Provided material -

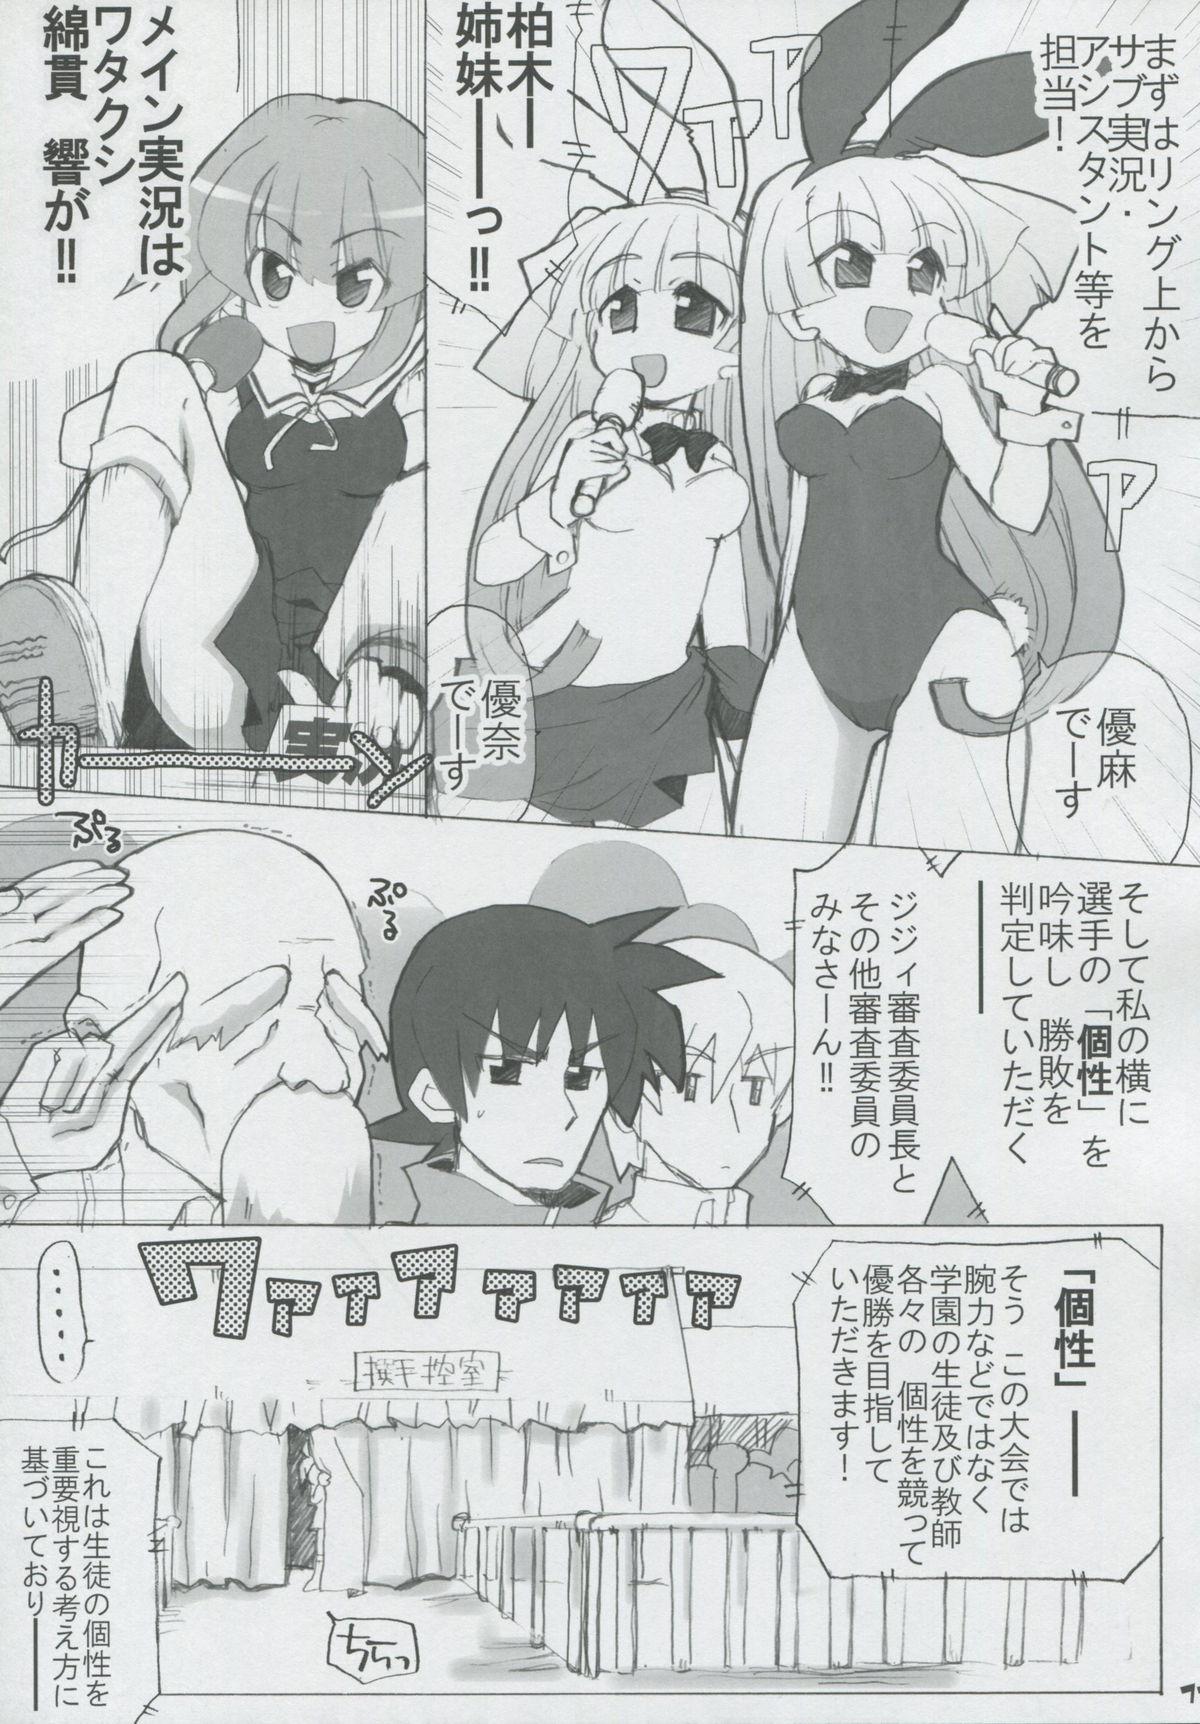 Price Momo Tsuki Monsters 1st-half - Pani poni dash Plug - Page 10
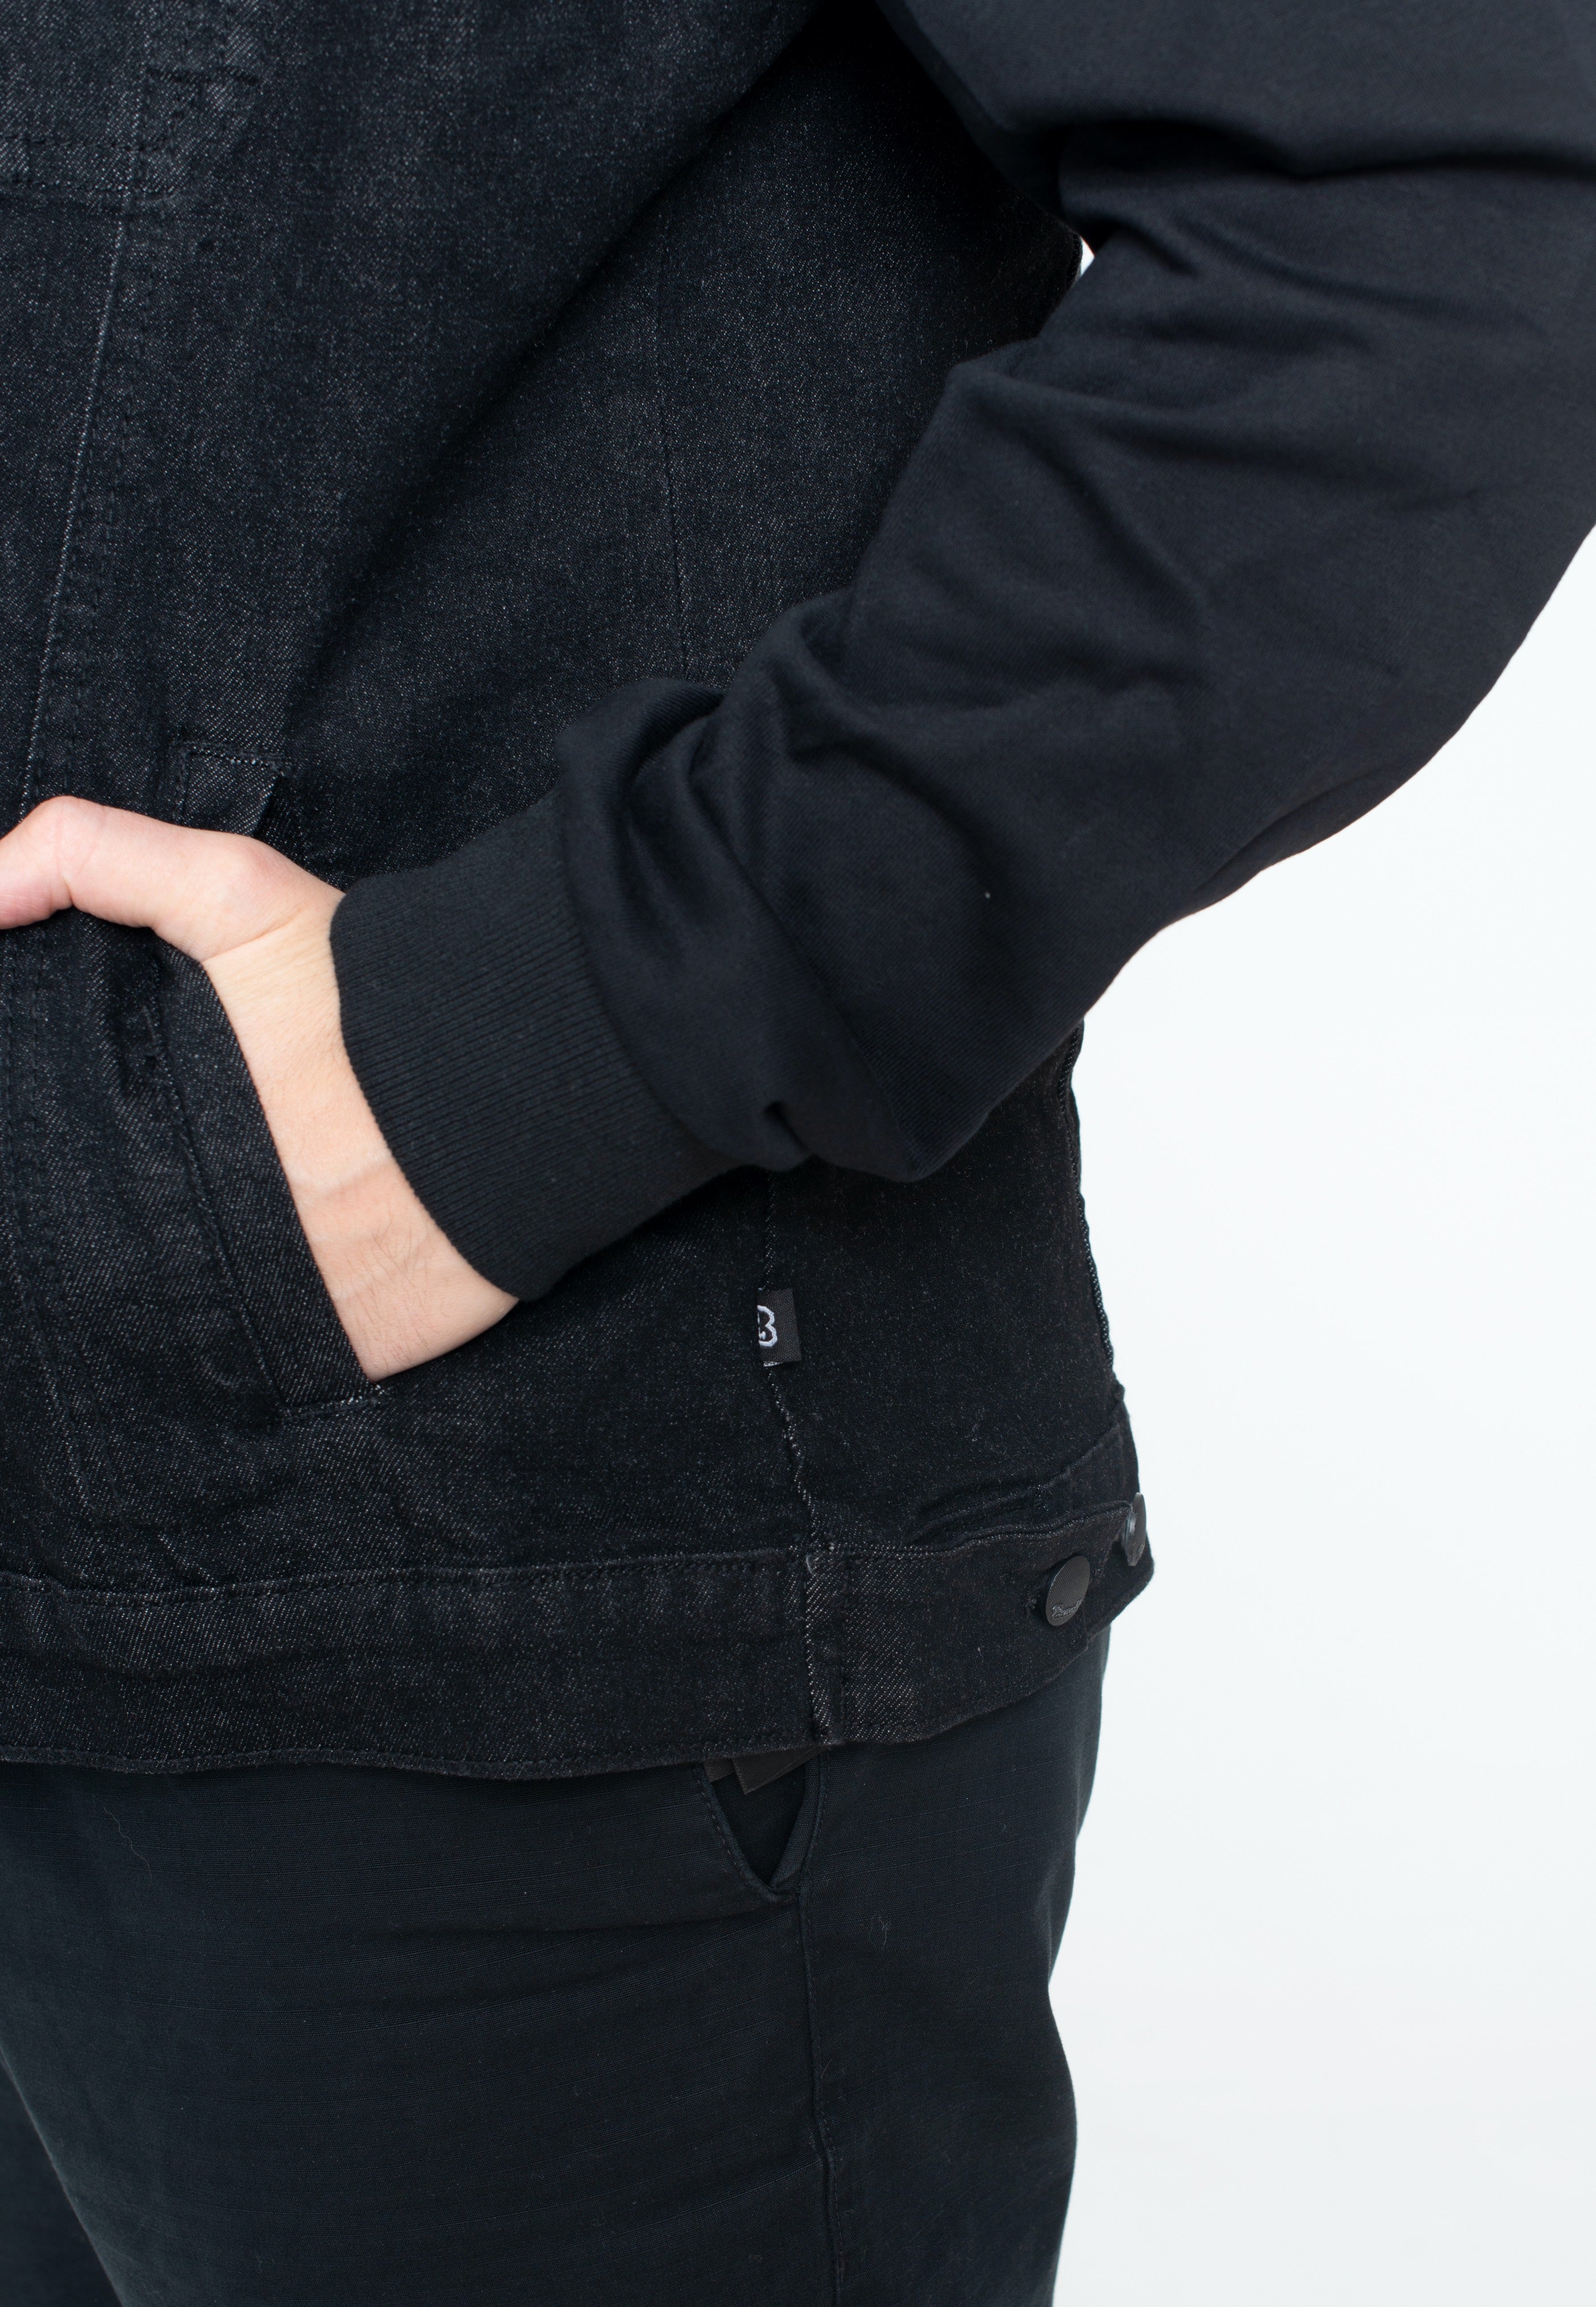 Brandit - Cradock Denim Sweat Black - Jeans Jacket
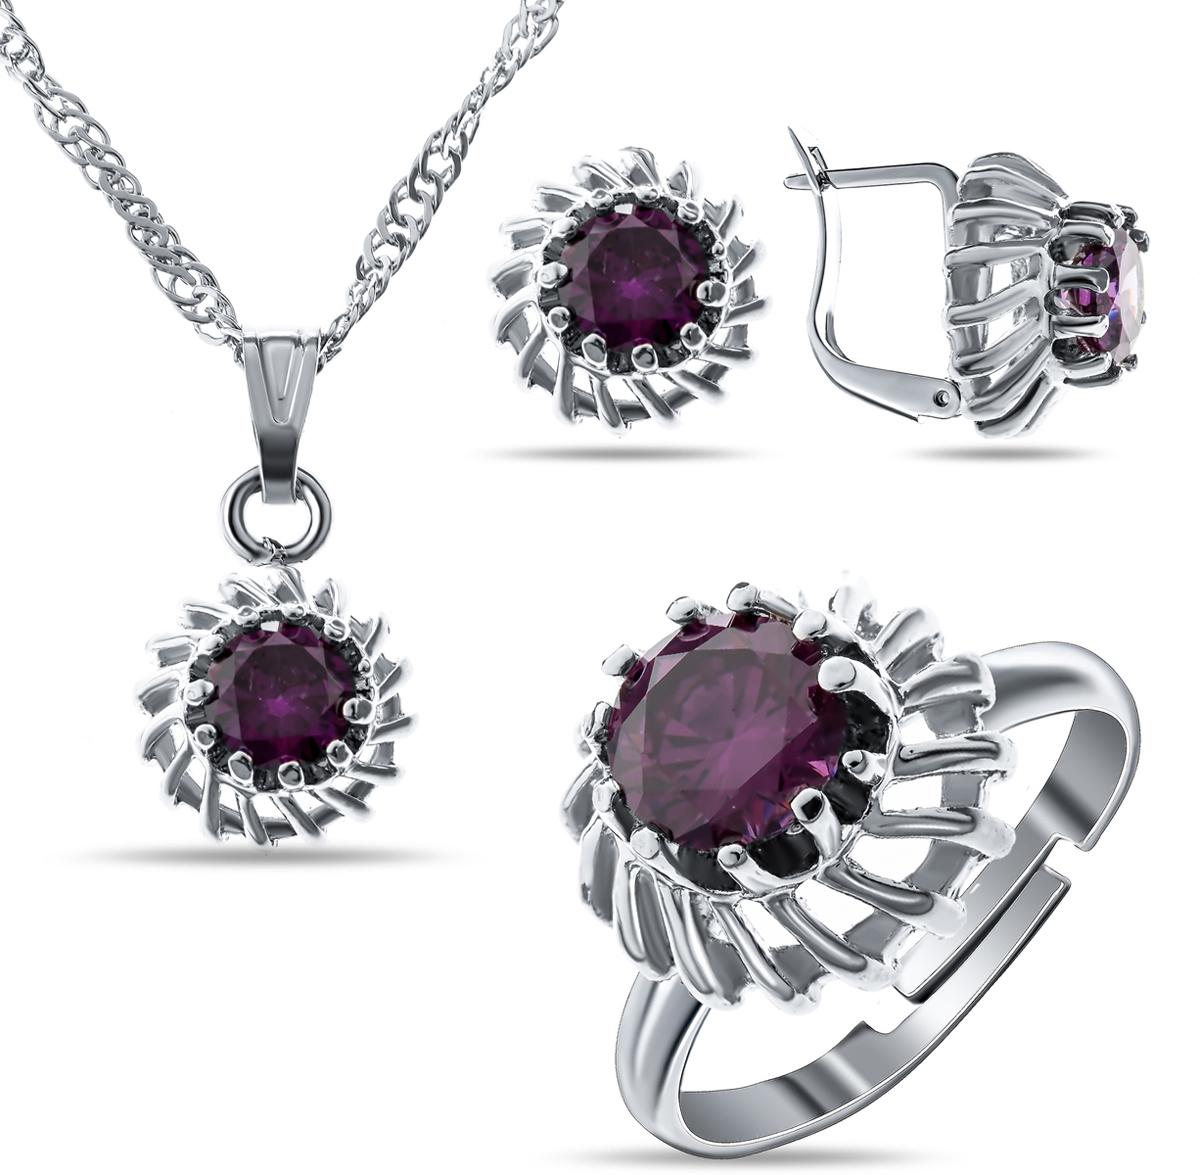 Комплект украшений Teosa: колье, серьги, кольцо, цвет: фиолетовый, серебристый. T-SET-136

What the exercise asks - Could you reproduce the listing above word for word while leaving out its pictures?

Answer for this exercise -
 Price Momo Tsuki Monsters 1st-half - Pani poni dash Plug - Page 10
 Brandit - Cradock Denim Sweat Black - Jeans Jacket
 Комплект украшений Teosa: колье, серьги, кольцо, цвет: фиолетовый, серебристый. T-SET-136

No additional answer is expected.